> _WHAT YOU ARE ASKED TO DO_:
Print word for word the first line of the listing below and every line after it, through the line with "Sixteen-year-old Davina (Natalia". Leave out the pictures and the rest.

=====

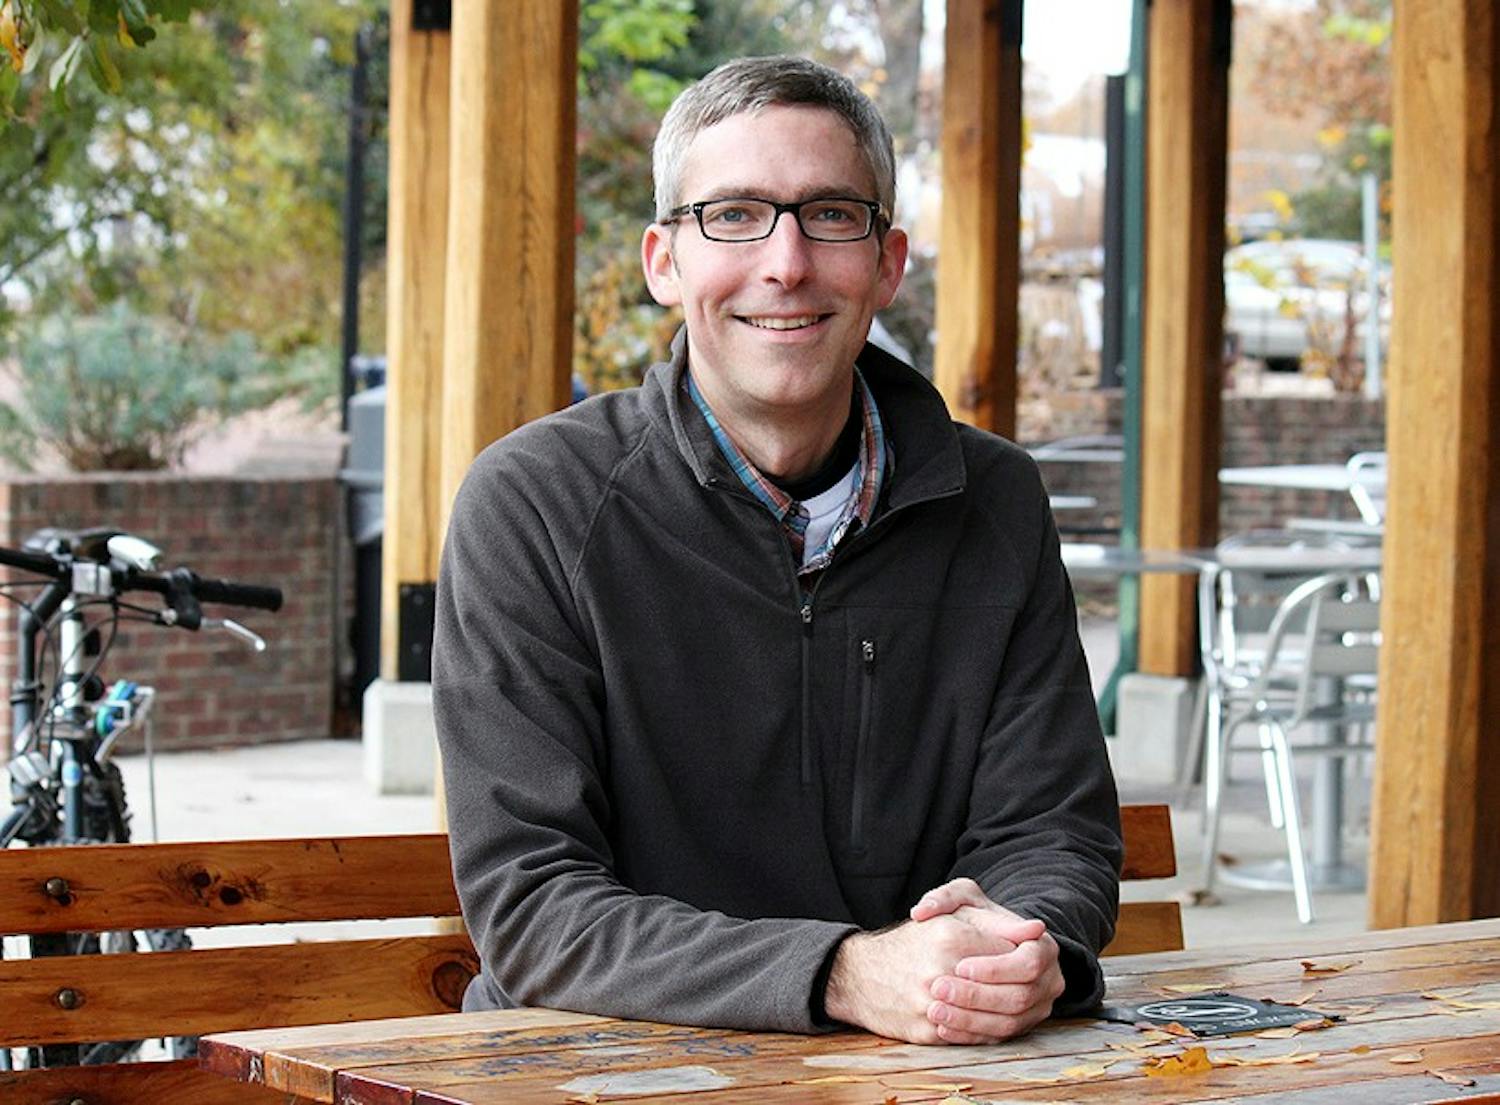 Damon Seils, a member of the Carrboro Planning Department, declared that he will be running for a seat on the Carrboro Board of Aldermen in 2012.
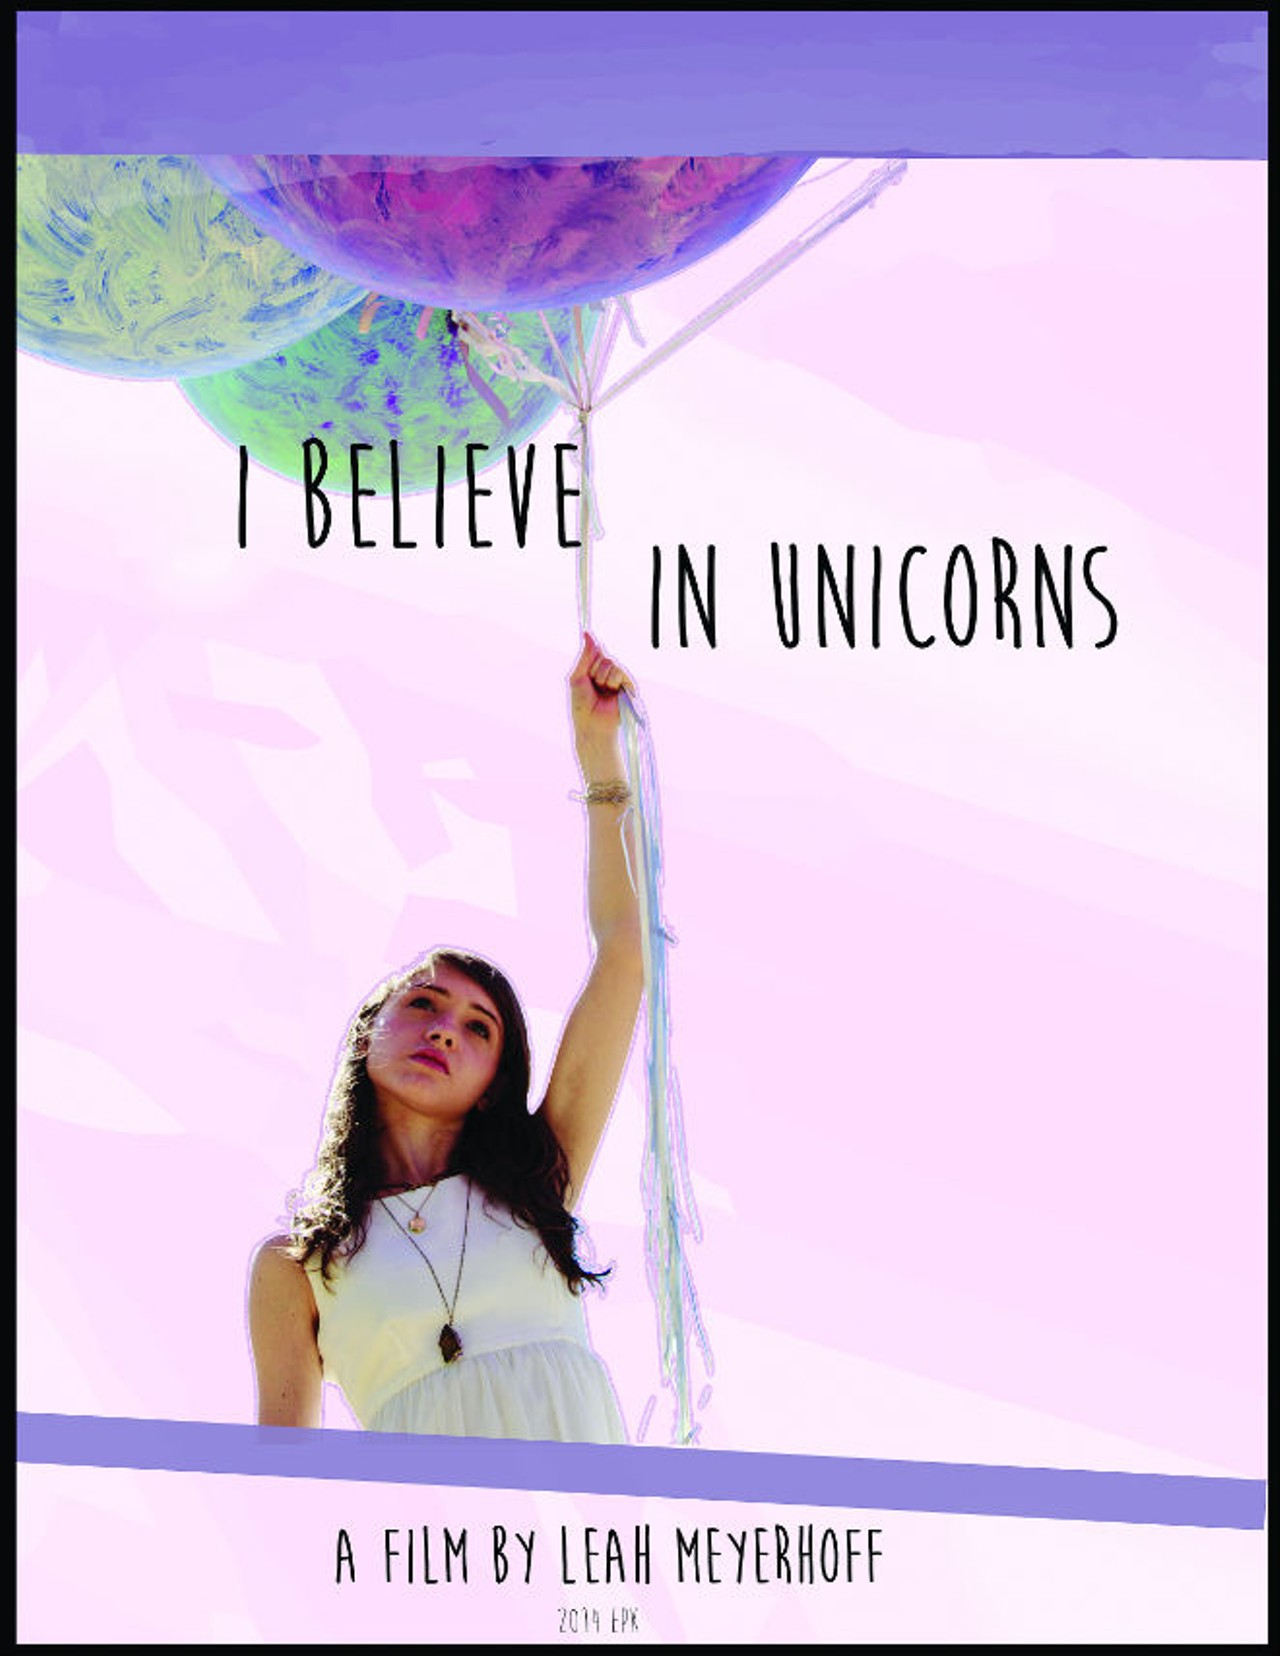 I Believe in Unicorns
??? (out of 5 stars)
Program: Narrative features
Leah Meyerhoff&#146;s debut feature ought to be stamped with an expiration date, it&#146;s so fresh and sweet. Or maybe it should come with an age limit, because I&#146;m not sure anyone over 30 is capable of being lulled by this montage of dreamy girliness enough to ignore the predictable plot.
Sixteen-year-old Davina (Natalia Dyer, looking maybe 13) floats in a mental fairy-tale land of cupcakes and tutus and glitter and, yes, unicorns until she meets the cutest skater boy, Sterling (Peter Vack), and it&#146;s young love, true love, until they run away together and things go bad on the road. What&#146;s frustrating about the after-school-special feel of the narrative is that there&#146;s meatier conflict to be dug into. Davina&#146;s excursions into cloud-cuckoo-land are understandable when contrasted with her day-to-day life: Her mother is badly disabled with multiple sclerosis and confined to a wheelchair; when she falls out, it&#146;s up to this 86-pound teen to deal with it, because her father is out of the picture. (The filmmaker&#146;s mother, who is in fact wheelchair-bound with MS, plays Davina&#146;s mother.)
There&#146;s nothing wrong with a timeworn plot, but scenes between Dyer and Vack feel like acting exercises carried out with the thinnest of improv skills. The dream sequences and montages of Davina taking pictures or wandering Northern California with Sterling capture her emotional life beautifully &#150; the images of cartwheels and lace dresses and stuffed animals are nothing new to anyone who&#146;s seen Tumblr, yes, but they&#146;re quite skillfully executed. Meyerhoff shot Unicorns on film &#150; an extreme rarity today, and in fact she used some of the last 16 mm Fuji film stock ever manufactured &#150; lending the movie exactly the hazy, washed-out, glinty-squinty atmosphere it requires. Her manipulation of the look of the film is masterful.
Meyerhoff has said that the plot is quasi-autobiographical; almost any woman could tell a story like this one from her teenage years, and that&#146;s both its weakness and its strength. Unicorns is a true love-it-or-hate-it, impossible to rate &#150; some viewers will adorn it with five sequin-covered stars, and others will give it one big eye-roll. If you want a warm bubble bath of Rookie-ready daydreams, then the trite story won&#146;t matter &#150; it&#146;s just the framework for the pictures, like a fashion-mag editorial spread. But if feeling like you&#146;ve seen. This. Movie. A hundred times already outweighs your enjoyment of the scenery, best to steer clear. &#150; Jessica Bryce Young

=====

> _ANSWER_:
 Damon Seils, a member of the Carrboro Planning Department, declared that he will be running for a seat on the Carrboro Board of Aldermen in 2012.
 I Believe in Unicorns
??? (out of 5 stars)
Program: Narrative features
Leah Meyerhoff&#146;s debut feature ought to be stamped with an expiration date, it&#146;s so fresh and sweet. Or maybe it should come with an age limit, because I&#146;m not sure anyone over 30 is capable of being lulled by this montage of dreamy girliness enough to ignore the predictable plot.
Sixteen-year-old Davina (Natalia Dyer, looking maybe 13) floats in a mental fairy-tale land of cupcakes and tutus and glitter and, yes, unicorns until she meets the cutest skater boy, Sterling (Peter Vack), and it&#146;s young love, true love, until they run away together and things go bad on the road. What&#146;s frustrating about the after-school-special feel of the narrative is that there&#146;s meatier conflict to be dug into. Davina&#146;s excursions into cloud-cuckoo-land are understandable when contrasted with her day-to-day life: Her mother is badly disabled with multiple sclerosis and confined to a wheelchair; when she falls out, it&#146;s up to this 86-pound teen to deal with it, because her father is out of the picture. (The filmmaker&#146;s mother, who is in fact wheelchair-bound with MS, plays Davina&#146;s mother.)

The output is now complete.